Sorry, but any large-scale product that isn't making about 50% markup is probably going to be short-lived.
It's simple business. It takes people a lot of time to get their head around it but that Coke you bought in a pub? It probably cost about 10p to pour, even it if wasn't watered down horrendously. Shocked? My father-in-law used to run several popular pubs and a restaurant in Cornwall for years and they would make more money out of the fruit machine in the pub than just about anything else (mainly because it's almost all profit). That hot-dog stand you bought a hot-dog from? You just gave him about five times what it cost him to make that hot-dog.
It took me years to believe it, back when I was self-employed, but the people who told me are right. You charge what people will pay and if they don't complain that it's steep, you can charge what you like. Selling items? Sell them at 50% markup to start with and adjust accordingly. Making money from eBay? Check exactly what you set as the minimum because, believe you me, you will make a loss if you just set it at a price you "think" is right (after packaging, time, printing out invoices, driving to the post office, posting, etc.)

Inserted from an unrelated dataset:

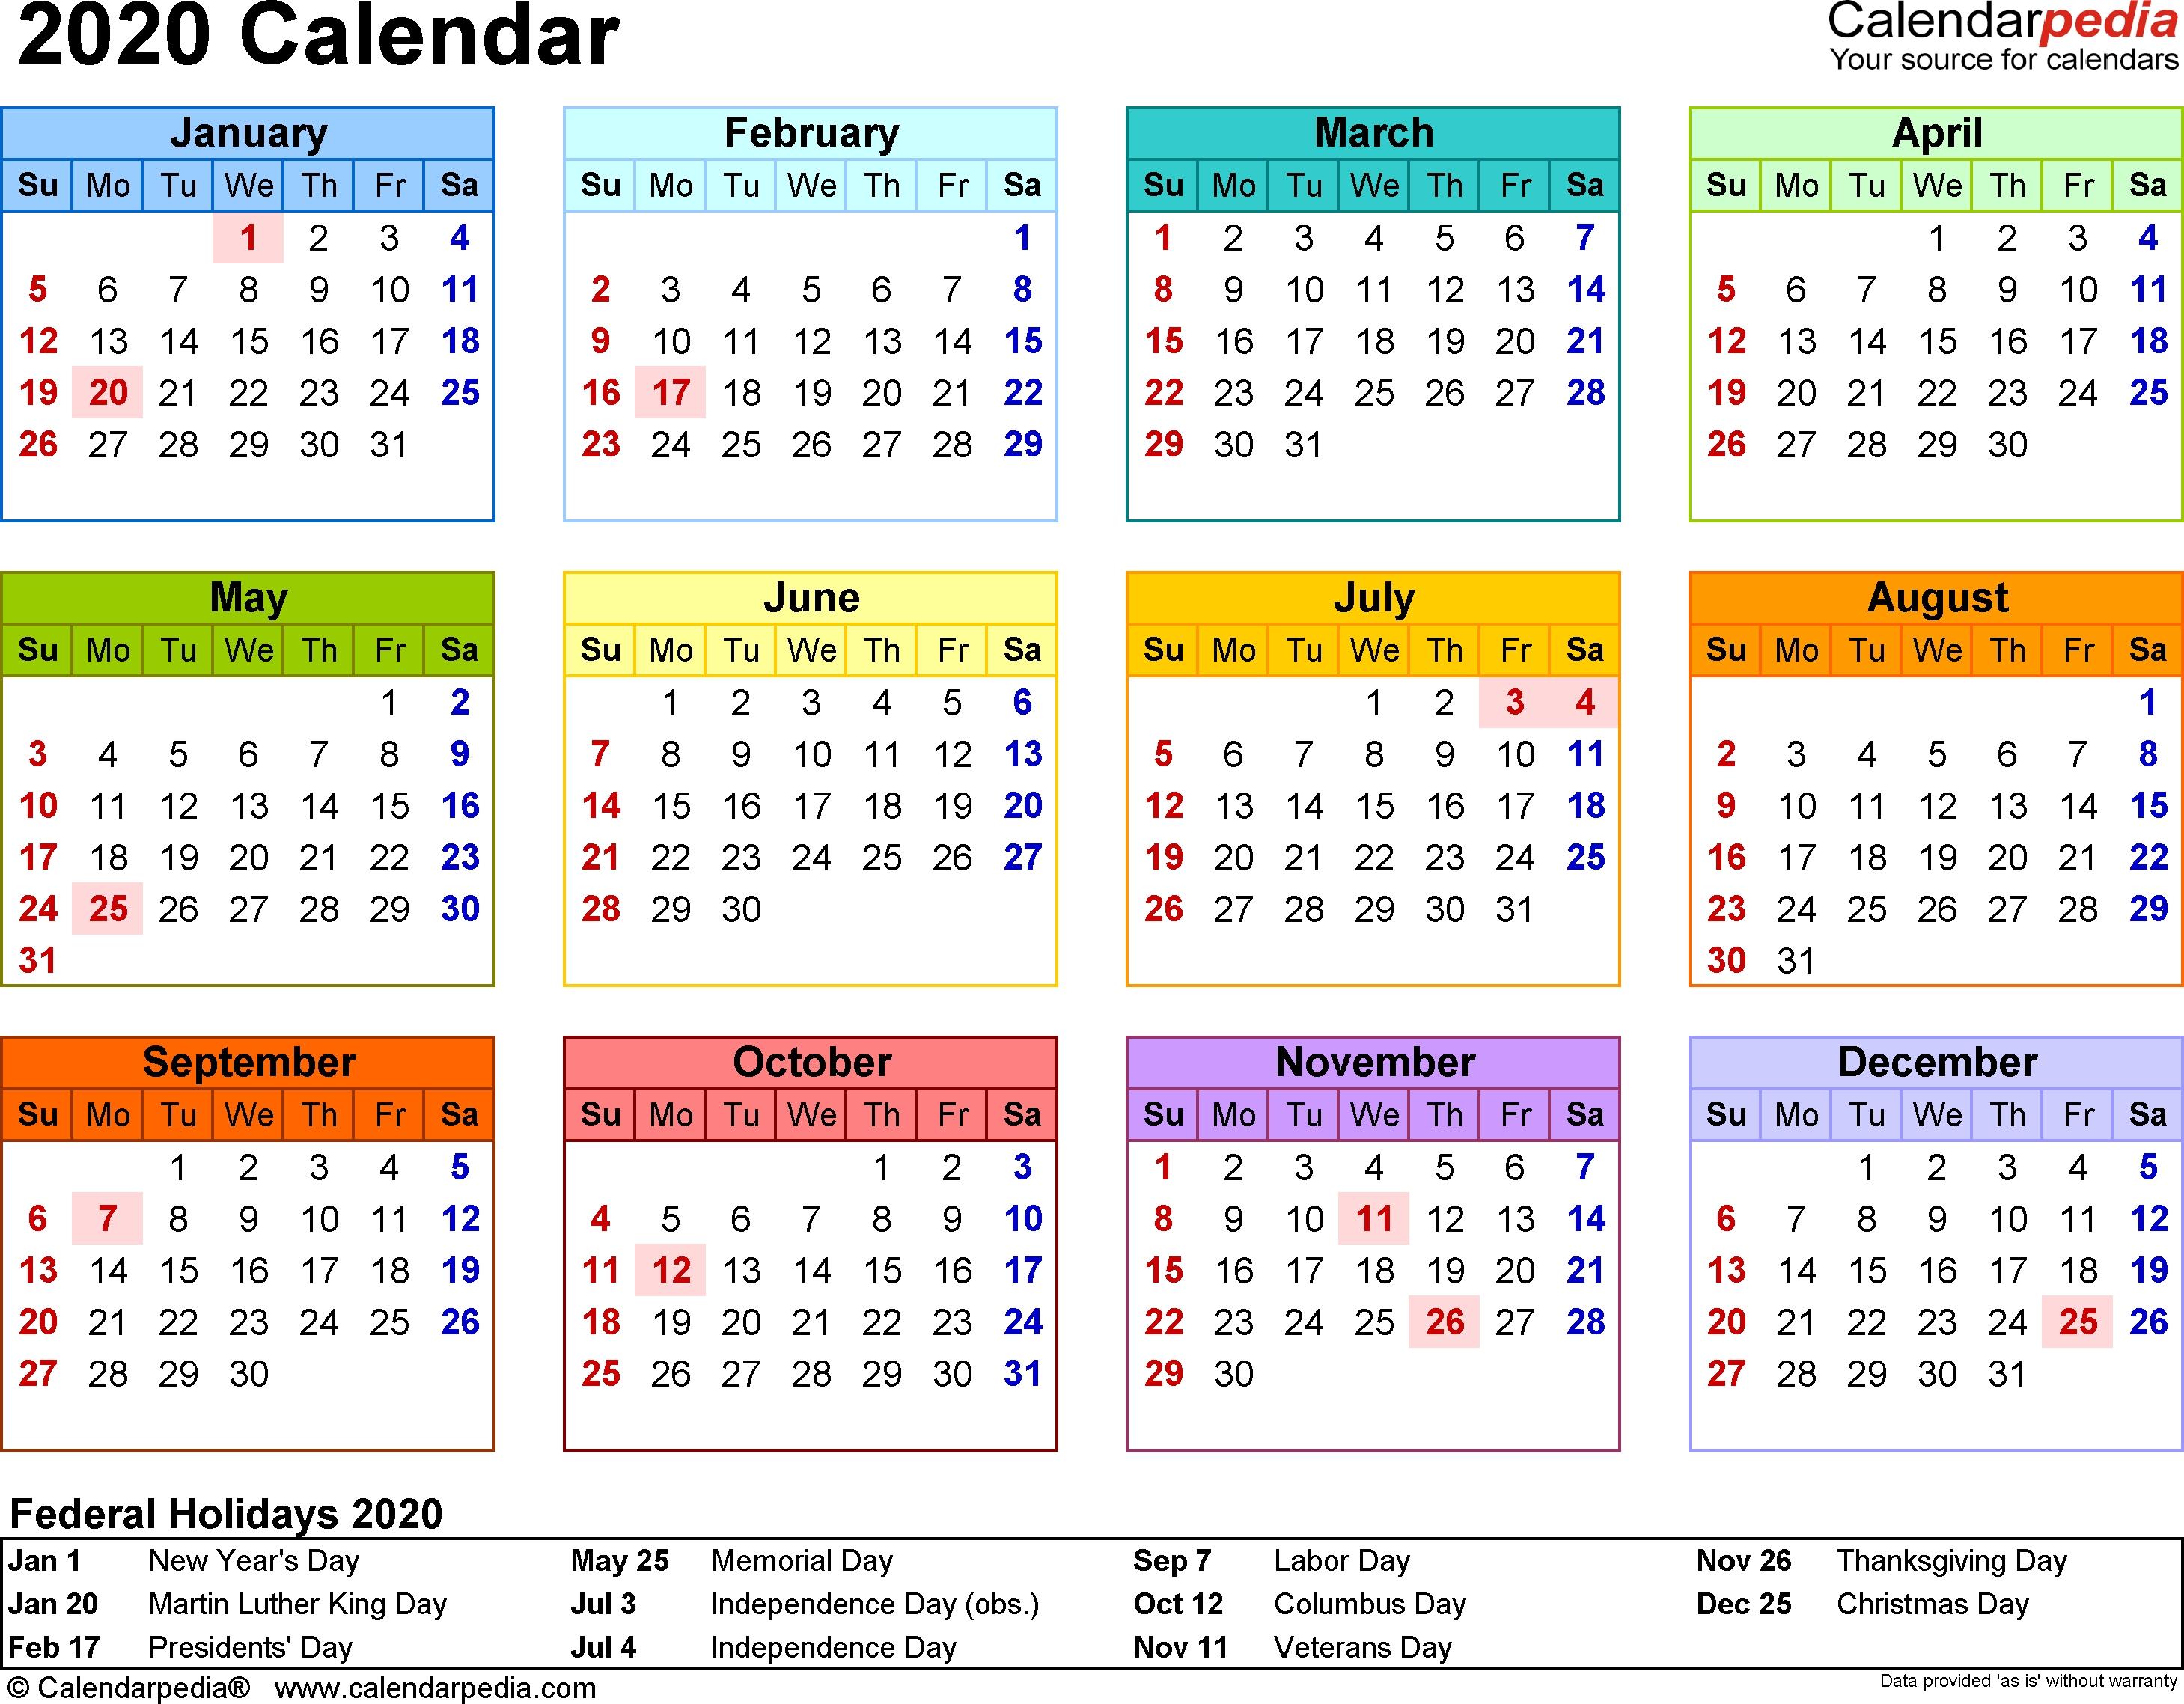 2020 Calendar Pdf - 17 Free Printable Calendar Templates in Free Printable Weekly Calendar 2020

As a full-time employed person, with good raises every year, I've still not managed to claw my way back up to what I was earning when I was doing the same job, self-employed, setting my own prices, working for the same places, and only working 2.5 days a week. Nothing to do with inflation, economic hard times, customer availability or anything else (I am still as in-demand as previously, and I only changed because I needed more guarantee of stability for a mortgage/family).
Business is about profit. That's not a crass, over-arching target to make all businessmen ruthless bean-counters. But if you're making a product and NOT selling it for twice what it cost you, you're playing at business. You need to fund the R&D for the next product, pay wages even if sales drop off, expand, source stock, advertise and everything else EVEN IF you're selling millions of your current product. It will not last and if you don't "save" as conscientiously as a person with savings, then you won't be able to stay in business for very long.
Seriously, people. Cover stock. Cover assembly. Cover testing. Cover distribution. Cover all the things to get the product out there. Then double the price when you actually sell it. Anything else is just selling your company short and doing your staff a disservice.
You really think it costs MacDonald's 99p to make that cheeseburger? If it's more than 40p per unit, I'll be amazed.